Tuesday, January 29, 2019

Love With Both Hands



Several times a day, our dog Stella will insistent upon my attention. If I try to scratch her ears absently, while continuing to scroll through my Twitter feed for instance, she'll use her nose to commandeer my hands. She wants both hands; she wants my full attention because that's the way love works.

I often think that the domesticated dog is among the greatest of human creations. We've bred them for many purposes, of course, but at bottom, they exist for one reason and one reason only: to love.

That, at least, has been the priority of every dog with which I've ever lived. Sure, there are treats and walks and romps with playmates, but expressing love has always come first. This is why it's so tragic when a dog is abused: they continue to love, even when the object of their love is, to our minds, undeserving.

There are times when it's annoying or inconvenient, when we brush our dogs away in our preoccupation, but we do so at our own peril.
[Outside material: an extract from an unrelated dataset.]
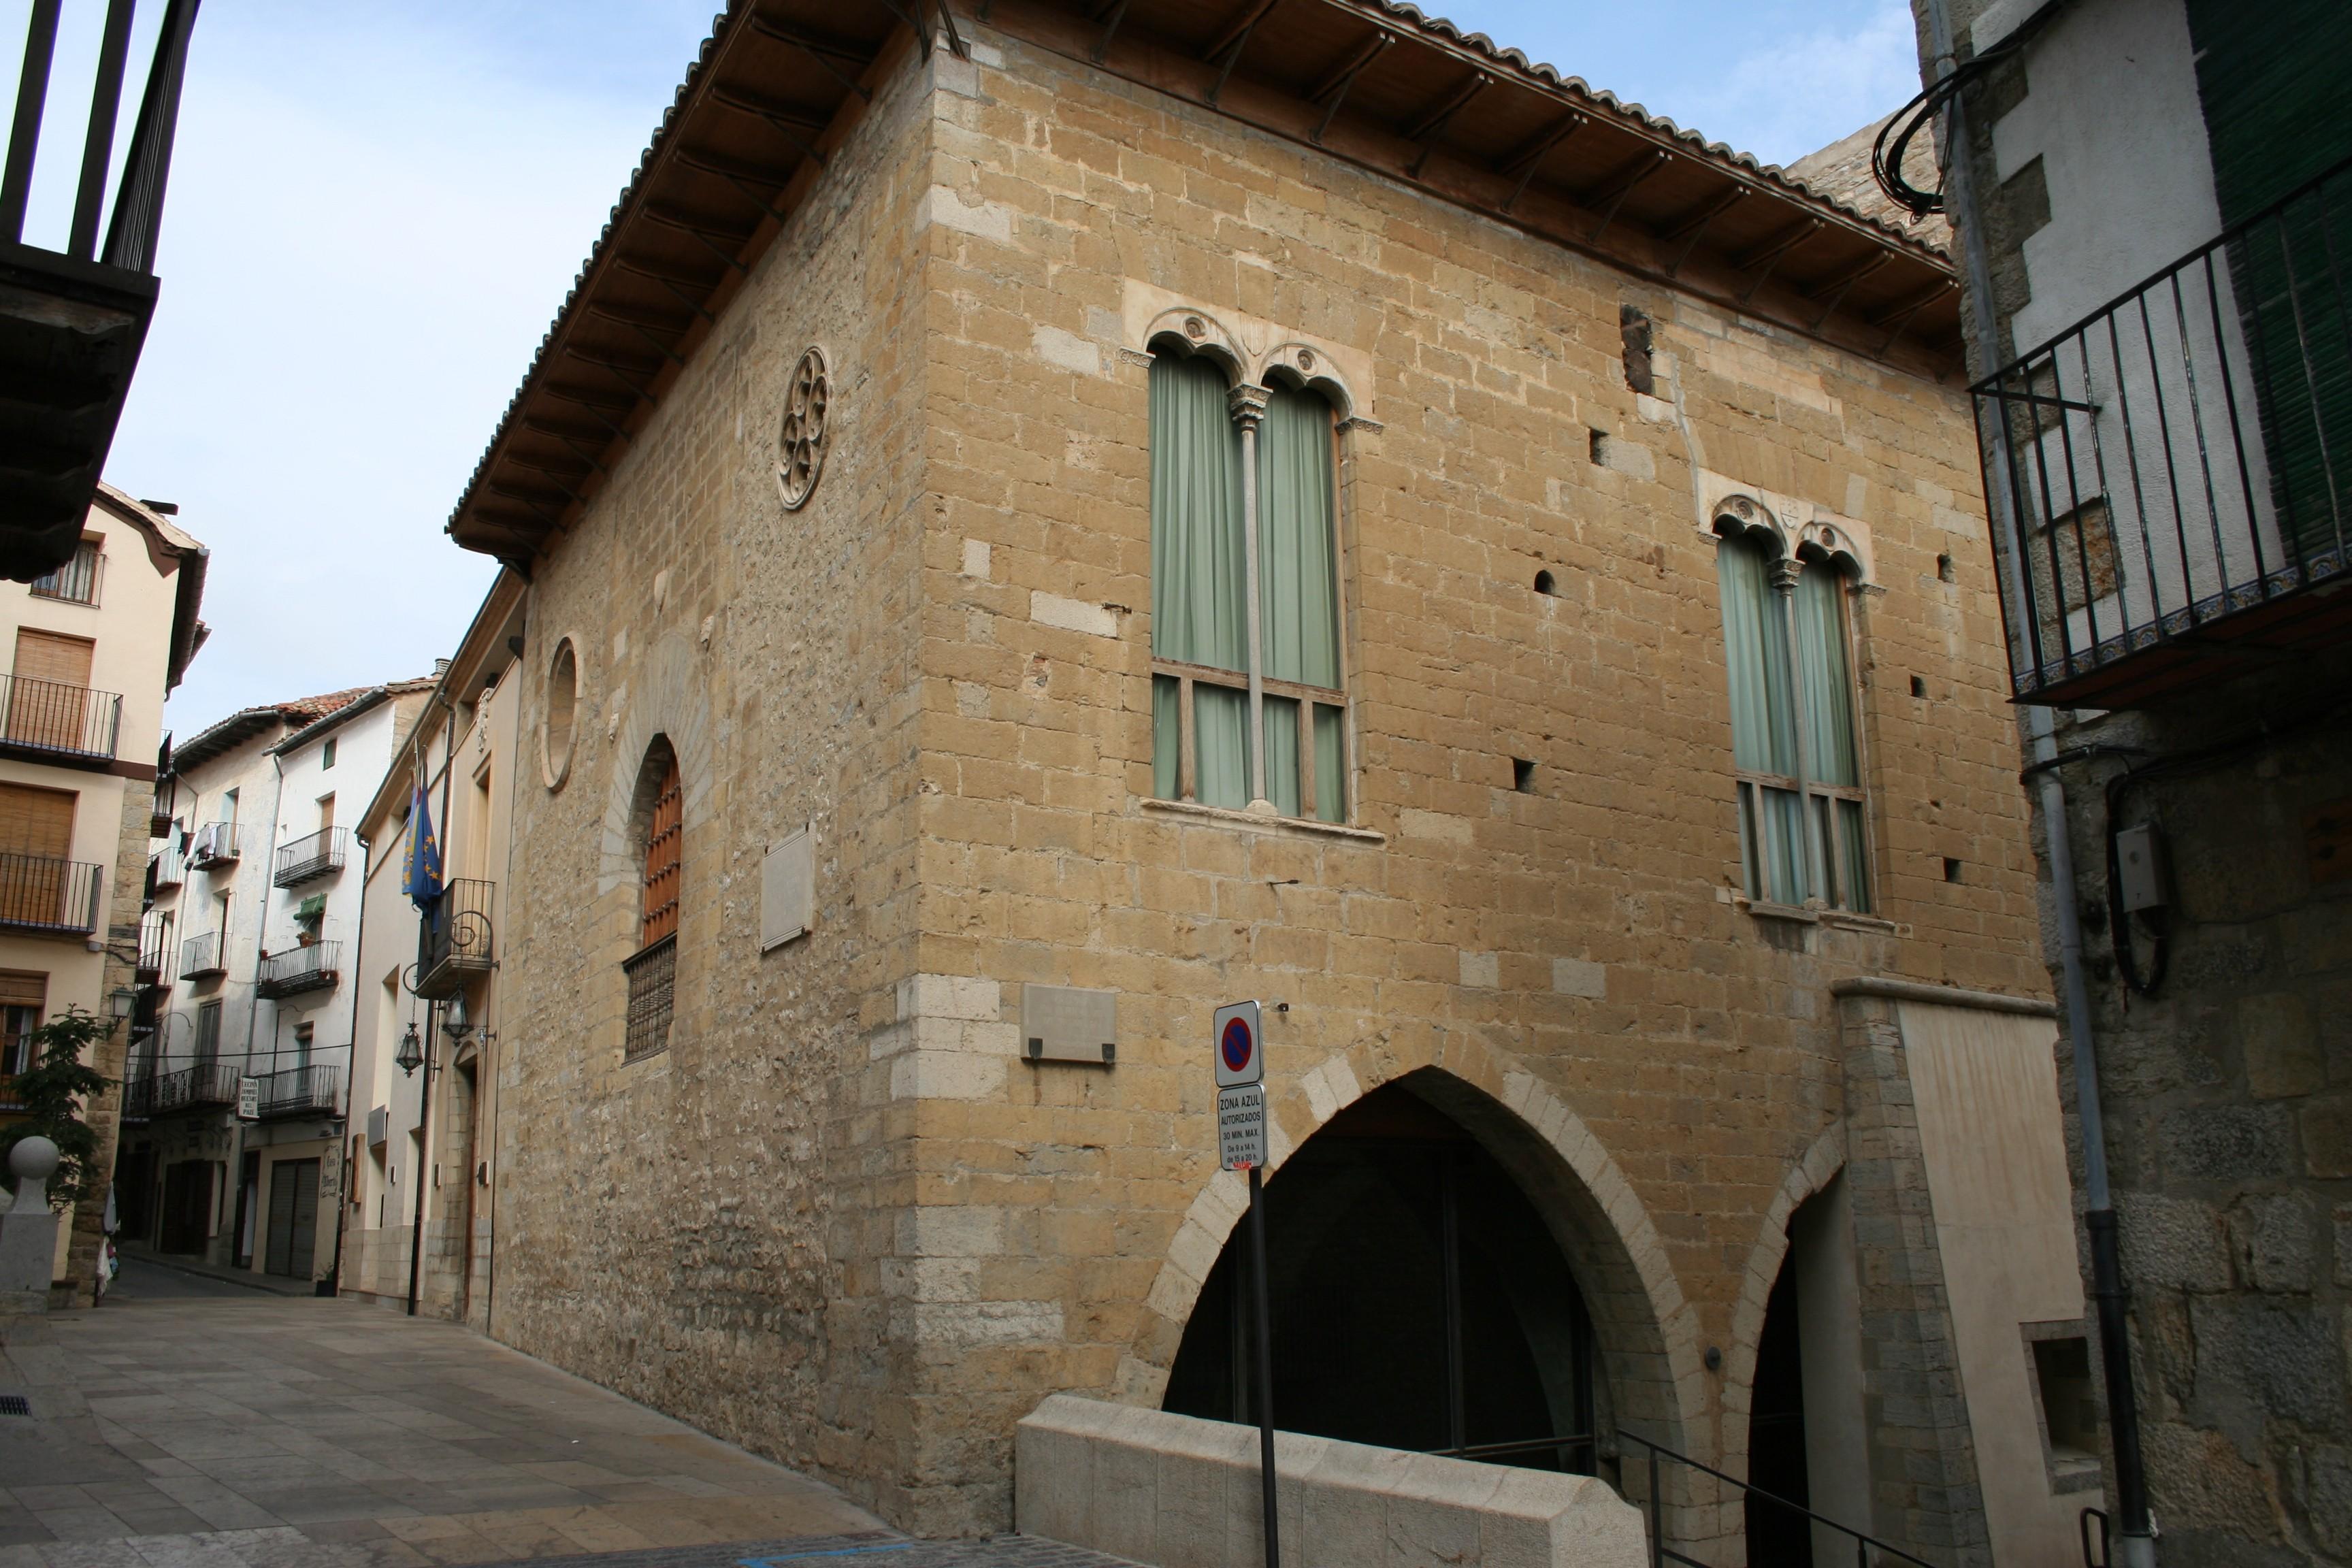 Turismo morella un paseo por la ciudad medieval - Casa de pueblo en valencia ...

I sometimes feel that Stella thinks I'm a hopeless pupil, unable to grasp the simple, undeniable concept of love first. She persists even when I grumble at her. Indeed, it's when I'm at my most irritable and distracted that she makes her move, cautiously perhaps, ears and tail down, braving my mood in order to shove her head onto my lap as if to say: Let me show you the way. And she's right, I know she's right, there is nothing more important, nothing better, than this, and the moment I relent I realize that she is right. Of course, we love our partners, our children, our family, and friends. We may even love all of humanity and the entirety of creation, but unless we express it and often, that love is meaningless.

As the French proverb goes: "It is not enough to love; one must say it."

At the end of the day, I crawl into bed tired, ready for the distraction of a novel or a movie, but first Stella demands my undivided attention. She curls into me, licking my hands, my face. If I'm stroking her with one hand, she uses her paws to let me know that I must use my other hand has well. And then, once she has the all of me, she reaches out to my wife, pawing at her arms, drawing her in, insisting for the good of everyone everywhere that we take the time to really love, fully, with both hands.

Our children are born with this wisdom as well, of course, living, breathing reminders that if love doesn't come first, then maybe it isn't love at all. I think, however, that we too often don't heed their message, especially as they move beyond the first months of life. We start to develop agendas for them, expecting them to walk and talk and toilet and dress themselves and go off to a good college, ignoring the greater wisdom they come into our lives to impart. There are times when it's annoying or inconvenient, but they are not just trying to get our attention: they are seeking to express their love and they are insisting that you express yours as well, with both hands.